Precision evaluates the proportion of truly relevant content in the search results, that is, how many of the returned results are relevant to the search query.
Precision = TP / (TP + FP)
Among them, True Positives (TP) are the content in the search results that are truly relevant to the query, while False Positives (FP) refer to the irrelevant content in the search results.
Recall evaluates the amount of relevant content successfully retrieved from the entire dataset.
Recall = TP / (TP + FN)
Among them, False Negatives (FN) refers to all relevant items that are not included in the final result set.

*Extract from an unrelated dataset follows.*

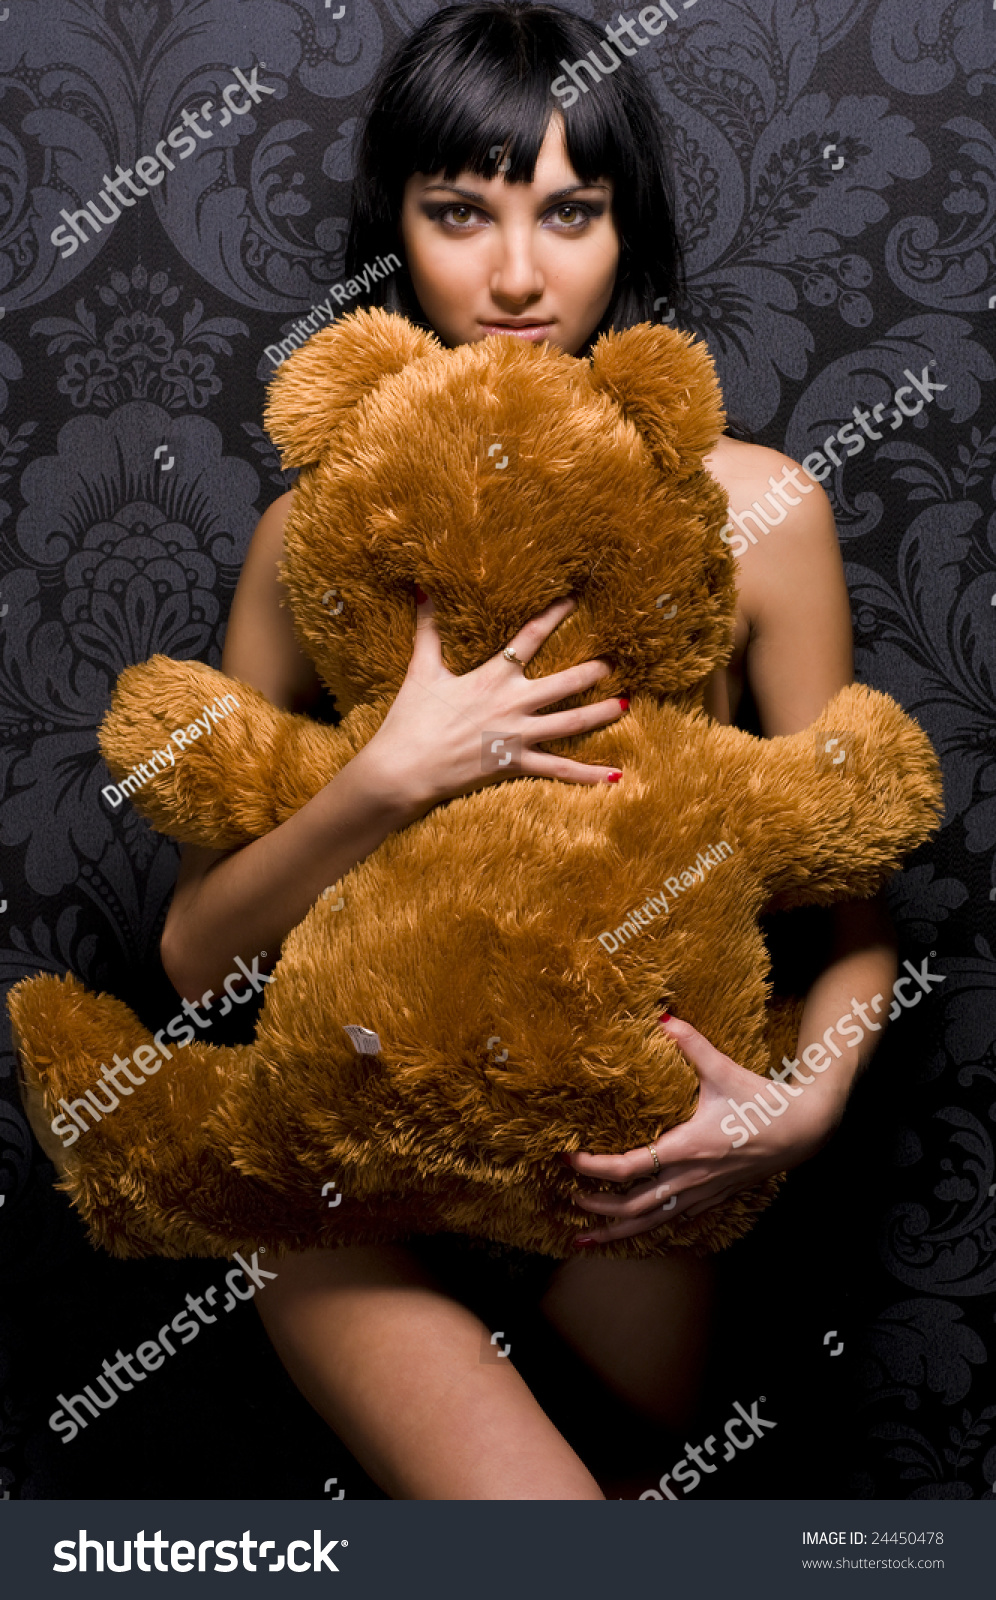 Teddy - nude photos

For a more detailed explanation of these two concepts, see https://zilliz.com/learn/information-retrieval-metrics
Query 1 :auto garbage collection
Related: Java, Python, JavaScript, Golang
Rank | text-embedding-3-small | text-embedding-3-large |
1 | ❎ Rust | ❎ Rust |
2 | ❎ C/C++ | ❎ C/C++ |
3 | ✅ Golang | ✅ Java |
4 | ✅ Java | ✅ Golang |
Precision | 0.50 | 0.50 |
Recall | 0.50 | 0.50 |
Query 2 : suite for web backend server development
Related terms: Java, JavaScript, PHP, Python (answers are subjective)
Rank | text-embedding-3-small | text-embedding-3-large |
1 | ✅ PHP | ✅ JavaScript |
2 | ✅ Java | ✅ Java |
3 | ✅ JavaScript | ✅ PHP |
4 | ❎ C# | ✅ Python |
Precision | 0.75 | 1.0 |
Recall | 0.75 | 1.0 |
In these two queries, we compared the two embedding models by precision and recall. text-embedding-3-small
and text-embedding-3-large
We can use this as a starting point and increase the number of data objects in the dataset as well as the number of queries to more effectively evaluate the Embedding model.
Summarize
The key to selection is to follow these six steps:
Clarify business objectives and task types
Analyze data characteristics and domain requirements
Research existing models and licensing models
Rigorous evaluation using test sets and benchmarks
Design, deployment and integration solutions
Conduct full-link pre-launch testing
Remember, the most suitable model is not necessarily the one with the highest benchmark score, but the model that best fits your actual business needs and technical constraints .
In an era of rapid iteration of embedding models, it is also recommended that you regularly review existing selections, continue to pay attention to new models and technologies, and promptly replace solutions that may bring significant benefits.